Louise Haigh's Proposal for a Broader Mandate
Louise Haigh, who returned to frontline politics as a linchpin of Burnham's operation after resigning as transport secretary in 2024, wrote in May that the 30th anniversary of the Bank's independence is an opportune time to re-examine its mandate. She argued for better coordination and a greater focus on economic growth, moving beyond the singular target of stable prices set by the chancellor.
The Current Framework and Its Criticisms
The Bank's Monetary Policy Committee (MPC), comprising five senior Bank figures and four external members, sets interest rates to achieve price stability, defined as a 2% inflation target. The remit, reaffirmed annually in a letter from the chancellor to Governor Andrew Bailey, already allows for temporary inflation misses to avoid undesirable output volatility. However, critics argue that the current framework leads to higher rates during supply-side shocks, harming growth and investment.
Swati Dhingra, an independent MPC member, noted in a recent speech that leaving the Bank alone to fight inflation shocks results in higher rates, which slow the economy and raise borrowing costs for net-zero investments. Theo Harris of the New Economics Foundation described this as a "doom loop of economic self-harm," where rate hikes cause unemployment and stifle investment, reducing resilience to future shocks.
Proposed Solutions: Coordination and Dual Mandate
Economists propose better coordination between monetary and fiscal policy. A Fabian Society paper suggested a new Treasury-Bank coordinating committee to discuss trade-offs. Co-author Jo Michell, professor of economics at the University of the West of England, said: "The lines are blurred and I think we all really need to grow up and accept that. We’ve got to think of an institutional framework which is viable, isn’t too much of a big jump, doesn’t unsettle the markets – but does allow some form of coordination."
Another proposal is a dual mandate for the Bank, similar to the US Federal Reserve, which considers both inflation and unemployment. A more radical idea from climate economists at the London School of Economics' Grantham Institute is "adaptive inflation targeting," allowing the MPC to temporarily aim at higher inflation during climate-related shocks.

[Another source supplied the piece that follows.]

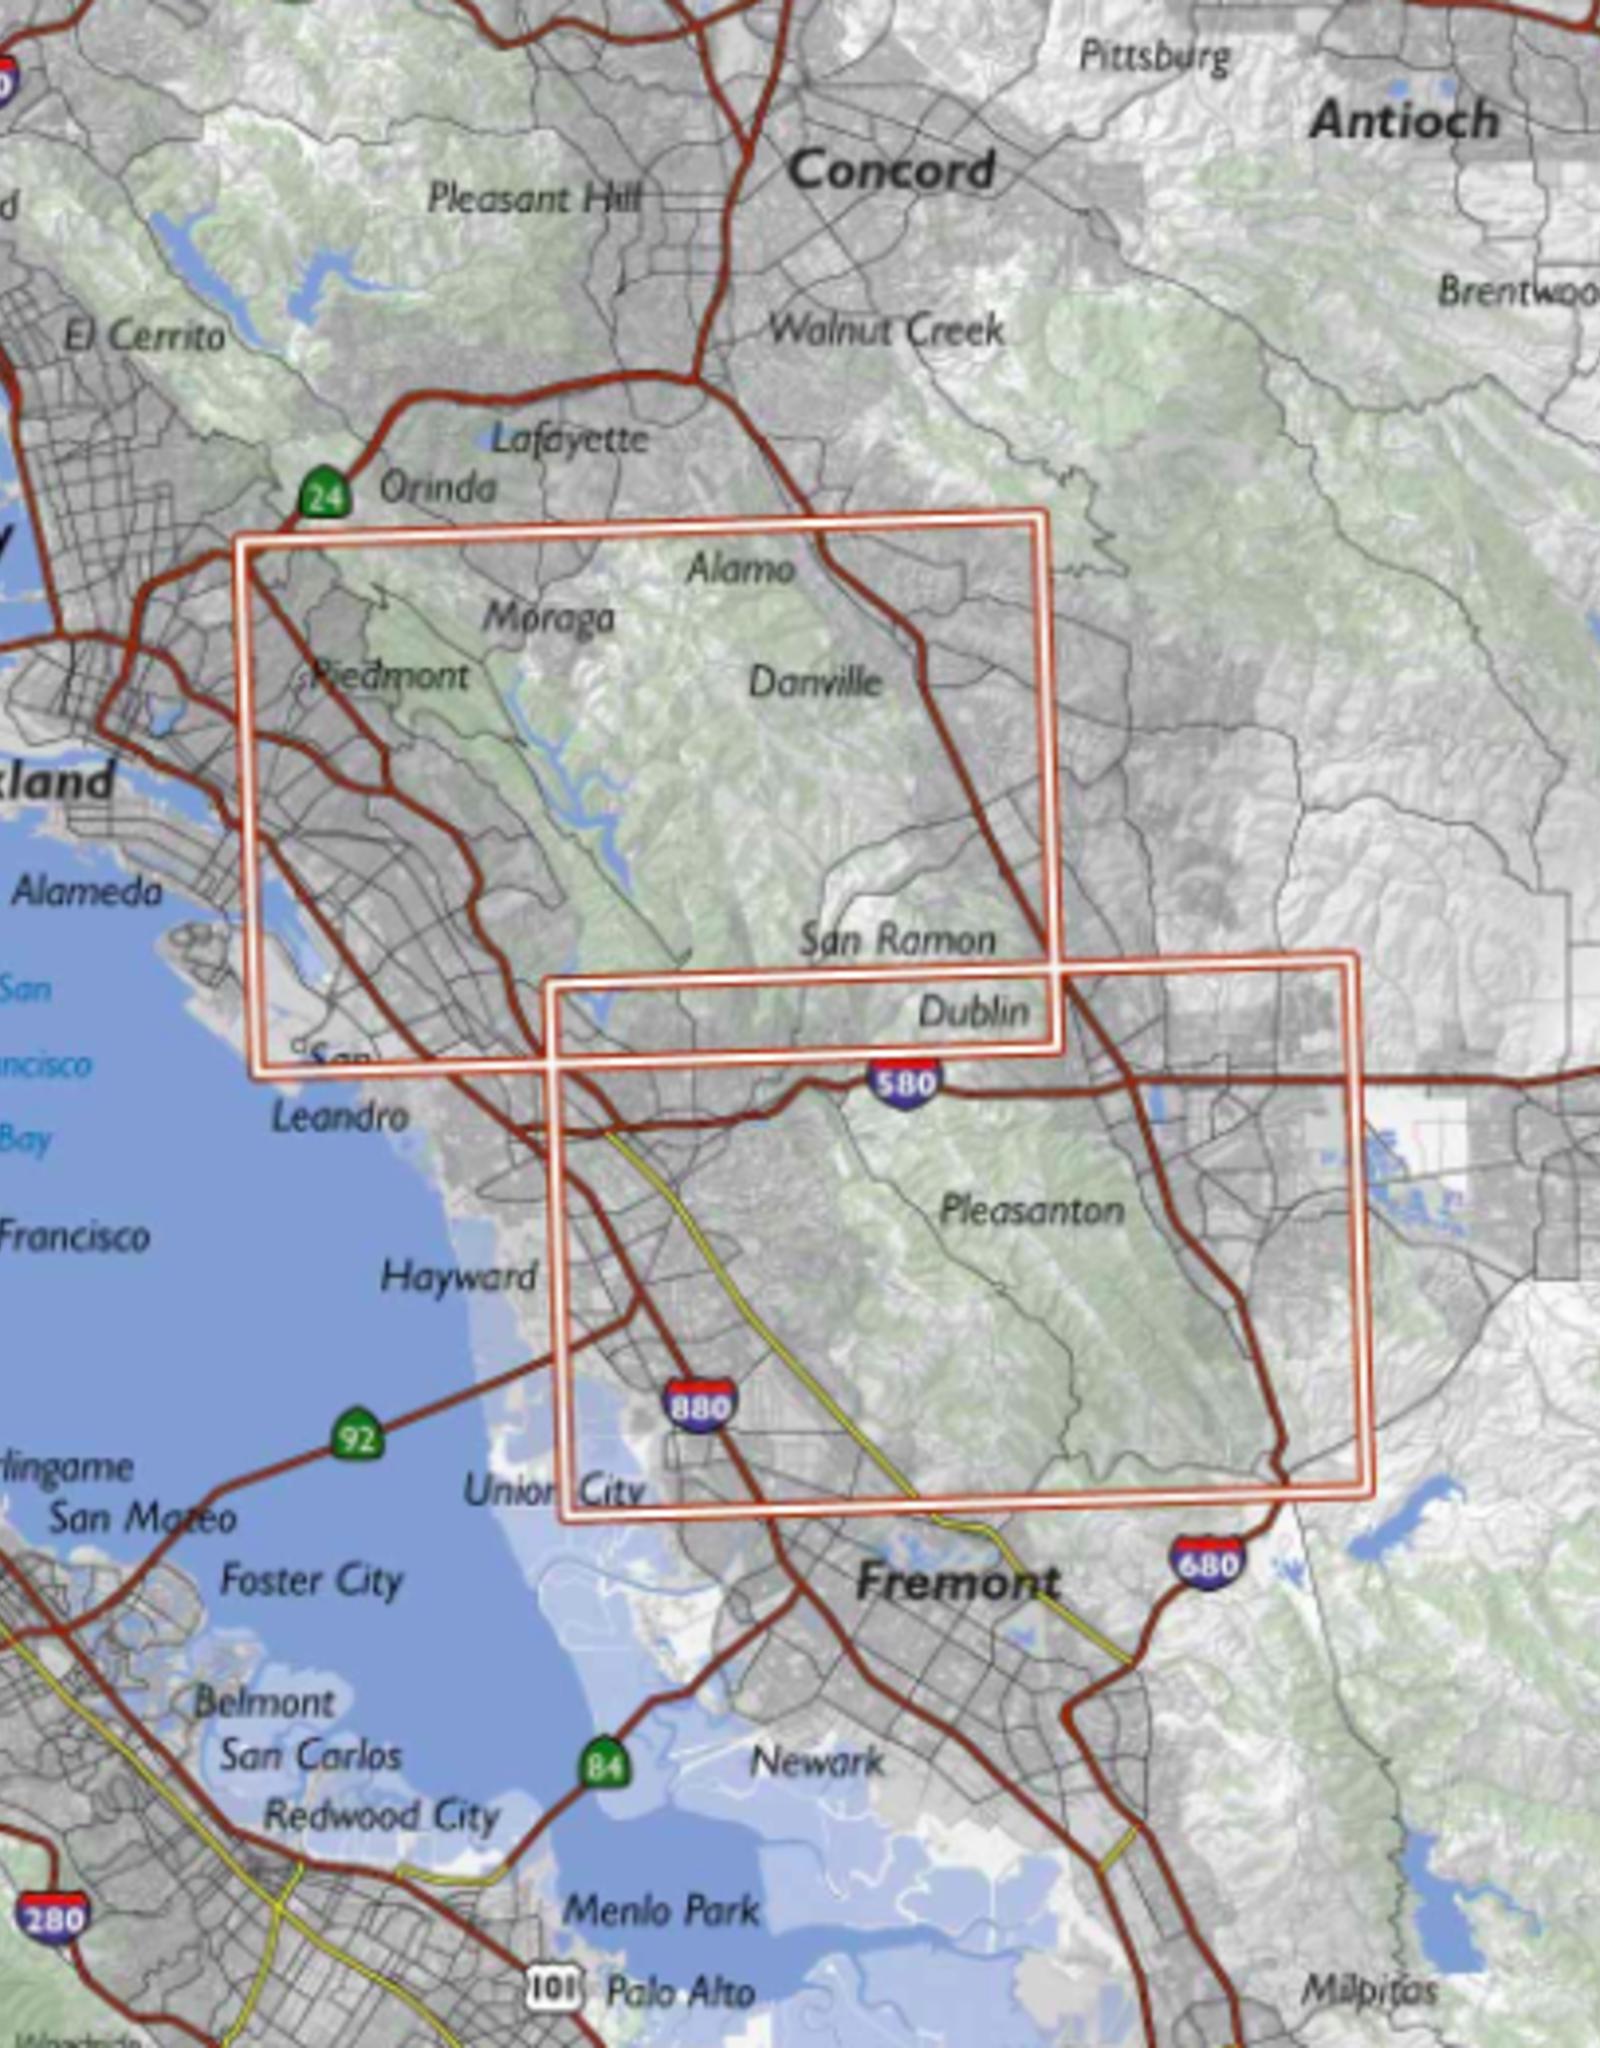 Bay Area Trail Map: Oakland Hills and Pleasanton Ridge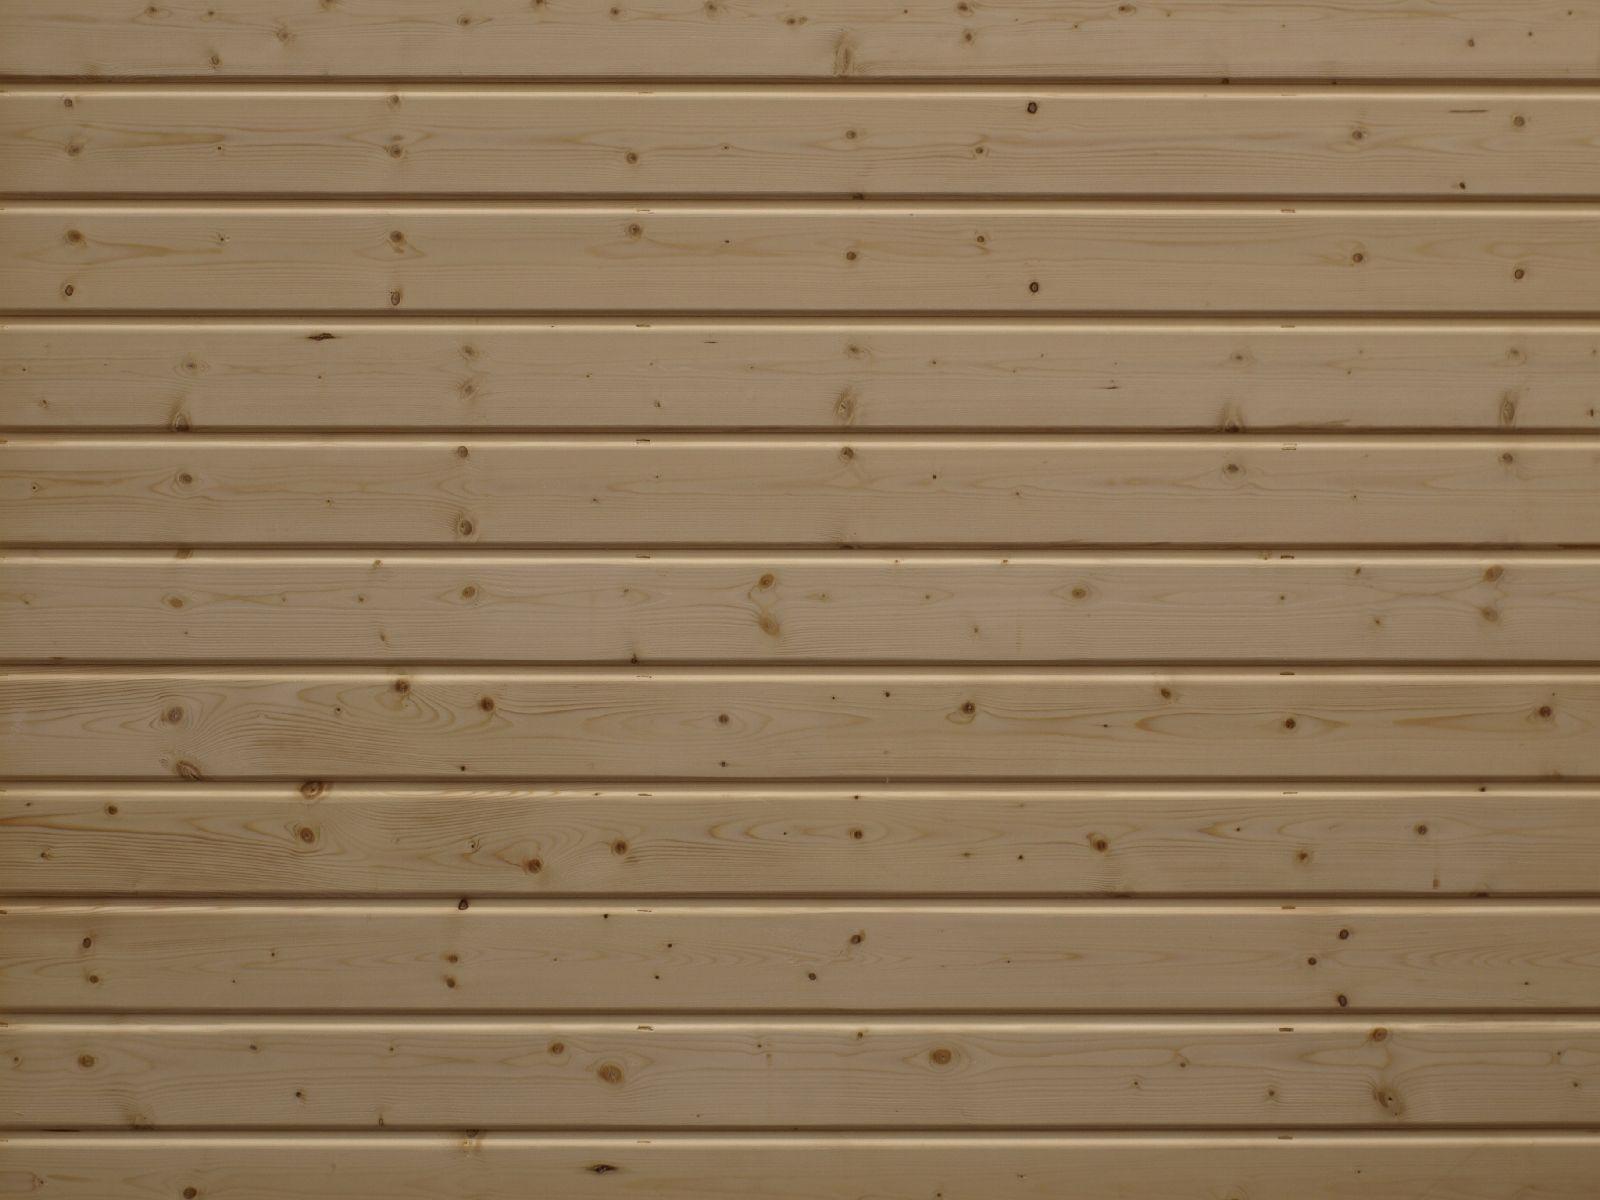 Wood_Texture_A_PB090988

Quantitative Tightening Under Scrutiny
Team Burnham may also urge the Bank to rethink its approach to quantitative tightening (QT)—the gradual sale of £875bn in bonds accumulated during quantitative easing. Critics, including leftwing economists and Reform's Richard Tice, argue that QT costs the Treasury twice: first, the government indemnifies the Bank against losses, adding £6bn to the budget deficit in the current fiscal year according to the Office for Budget Responsibility; second, it drives up borrowing costs by increasing bond sales. Governor Bailey has defended the approach, but it contrasts with the Fed and the European Central Bank. The MPC is due to reconsider the programme in autumn, and a new chancellor could intervene.
Political Implications and Market Reactions
Burnham and his likely chancellor, Shabana Mahmood, would be cautious about compromising Bank independence—a legacy of the New Labour years—or rattling financial markets. However, taking a fresh look at the Bank's role would signal that a Burnham government is prepared to do things differently on economic policy.